The sheer size of the (now three) pieces will cut the water volume down to around 125 (accounting for the hollow portions of all three - if they weren't hollow the figure would be more like 95-100 gallons).

What do you think?

(pictures soon)


----------



## Guest (Jul 29, 2008)

The driftwood should sink after a few weeks once it becomes waterlogged...

You could also try and weigh it down using rocks...


----------



## wmayes (Oct 22, 2007)

I have had driftwood over the years and currently have some in my 75. I thought everyone knew driftwood sank eventually? :thumb:

I just was assuming that because of the sheer weight of each piece (30+ pounds each) that they would just sink even without my lodging and wedging them into place using the acrylic overhang at the top of the aquarium. These pieces are so large that I doubt if they didn't sink immediately that it would take a year or so to waterlog them. Do you think that my utilization of the acrylic overhang will cause the overhang itself to break or break off if the pressure created by the wood floating up against it is too great?


----------



## Guest (Jul 29, 2008)

I say don't put anything on top that the wood could push against until you get it anchored or it sinks by itself.

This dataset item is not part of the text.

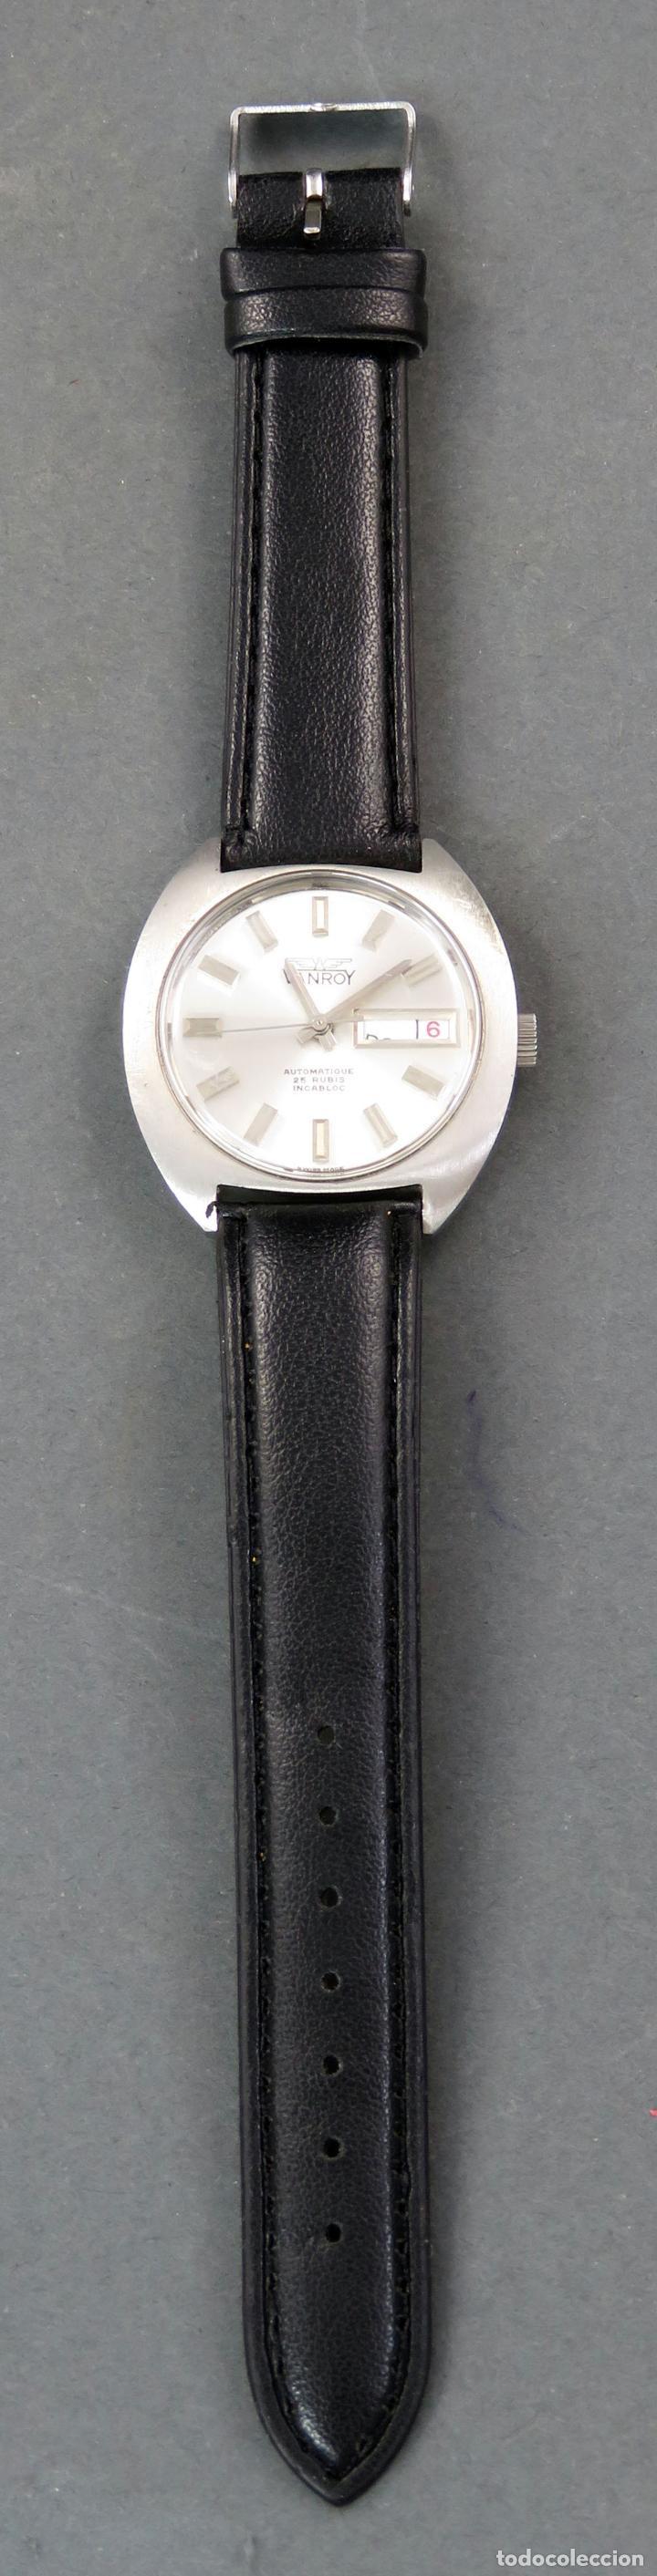 Relojes automáticos: Reloj automático Vanroy Automatique 25 rubis Incabloc Swiss Made Funciona - Foto 2 - 143166606
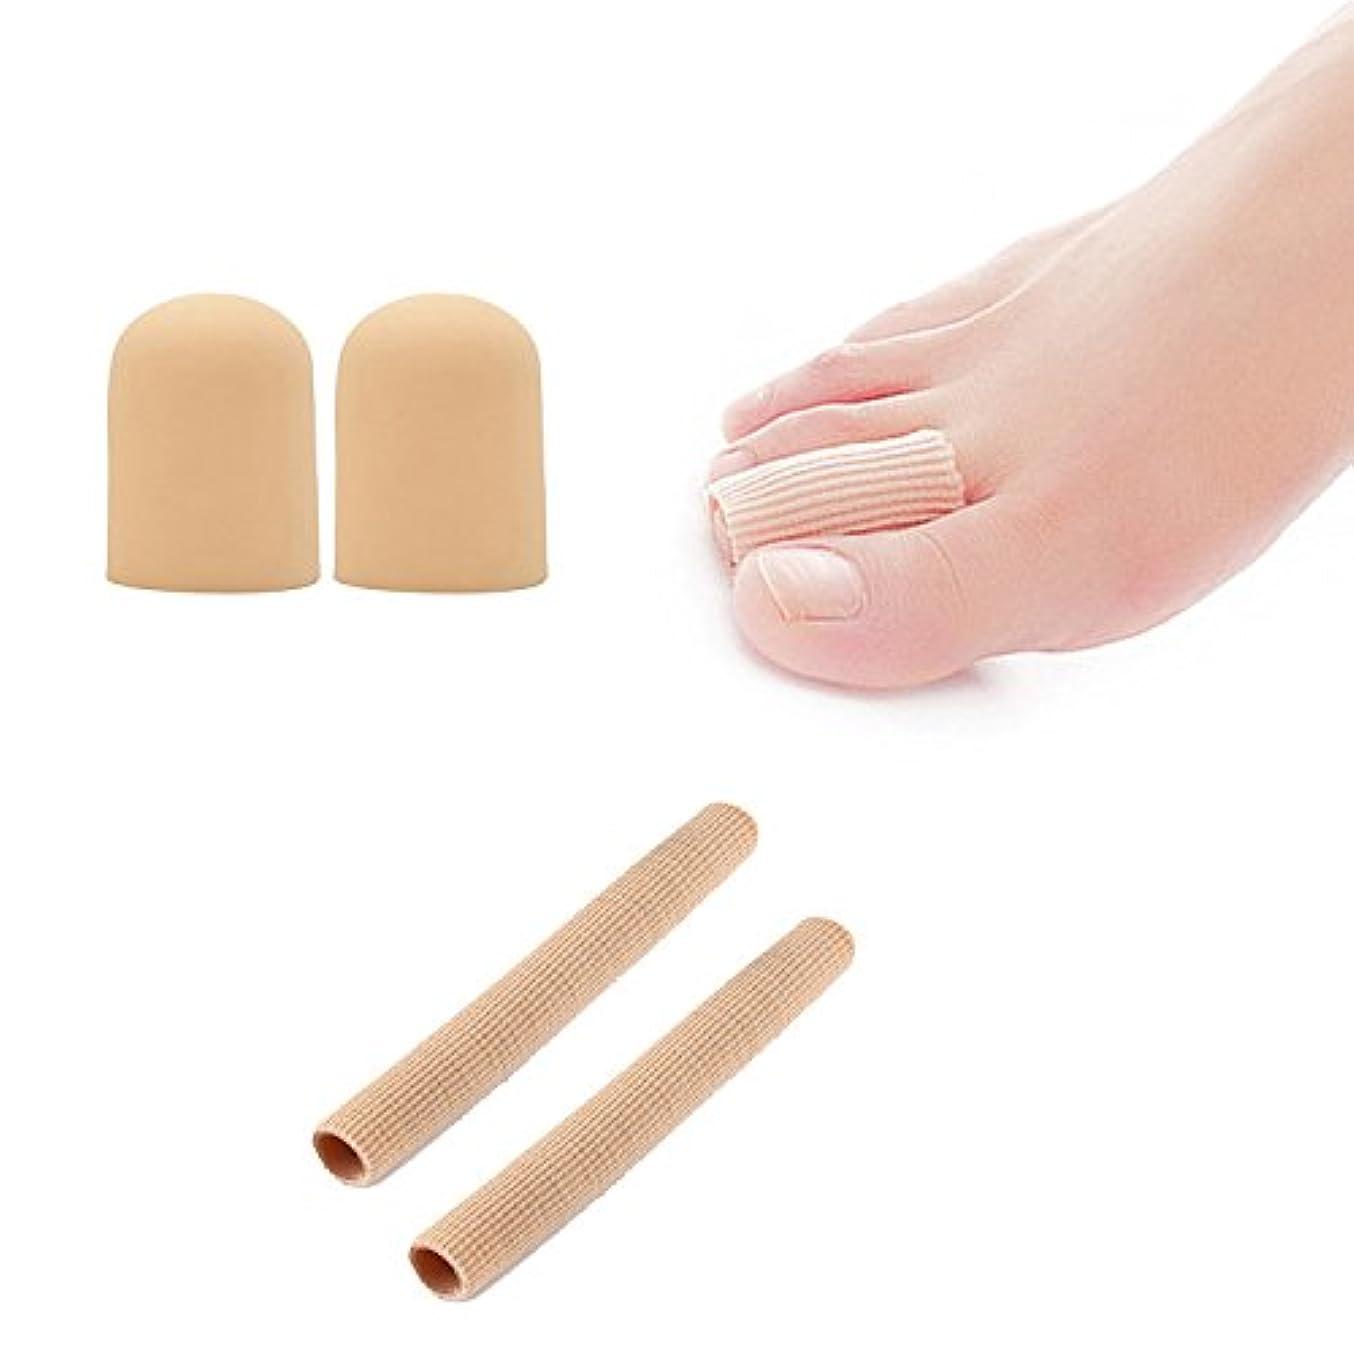 枕ラジウム旅行者足指保護キャップ つま先プロテクター 足先のつめ保護キャップ シリコン 調整可能

And about what you said, sorry it's just that naturally I assumed you never used driftwood before.


----------



## wmayes (Oct 22, 2007)

Nah - it's okay! 

So they definately won't sink immediately under their sheer weight? 
Darn, that's too bad. :?


----------



## Guest (Jul 29, 2008)

wmayes said:


> Nah - it's okay!
> 
> So they definately won't sink immediately under their sheer weight?
> Darn, that's too bad. :?


Well they could, but I doubt it... From what I know logs will float on water...

It really depends in my opinion when you actually put them in...

It really should in a matter of weeks though. If you decide to put fish in though I'd keep the cover open if it hits it/pokes out of the tank, but maybe cut eggcrate to fit around the wood so you can keep fish from jumping...

~Ed


----------



## Intermision (Sep 14, 2007)

The easiest way to get it to sink is to atach the wood to slate tiles with decking screws.


----------



## ArcticCatRider (Jul 13, 2007)

Boil a lot of water/get lots of really hot water, 
and put the driftwood into a big tub, and have another tub ready full of cold water, like 60 degrees or whatever like that.Pour the hot water all over the driftwood, turn it over a little bit, leave it for a minute or two, then pick it up with gloves, and put it in the tub of cold water.
The hot water opens up the pores, then the cold water fills them, and this really helps. Or bake the wood in a big commercial oven or something, then put it in cold water.


----------



## dialicious (Oct 18, 2007)

Lumber mills used to rely on heavy wood staying afloat when they sent it down the river from the forest to the mill 
I have a root system in my 110 that was sawed out of a bog then left to weather for 10+ years. Dry, it was absurdly heavy. To my boyfriend's amazement it still float. It was also buoyant enough to rip itself from the silicone he used to attach to to the base of the tank. 
In the end he agreed to my original plan and we drilled the beast and attach it to a big marble block.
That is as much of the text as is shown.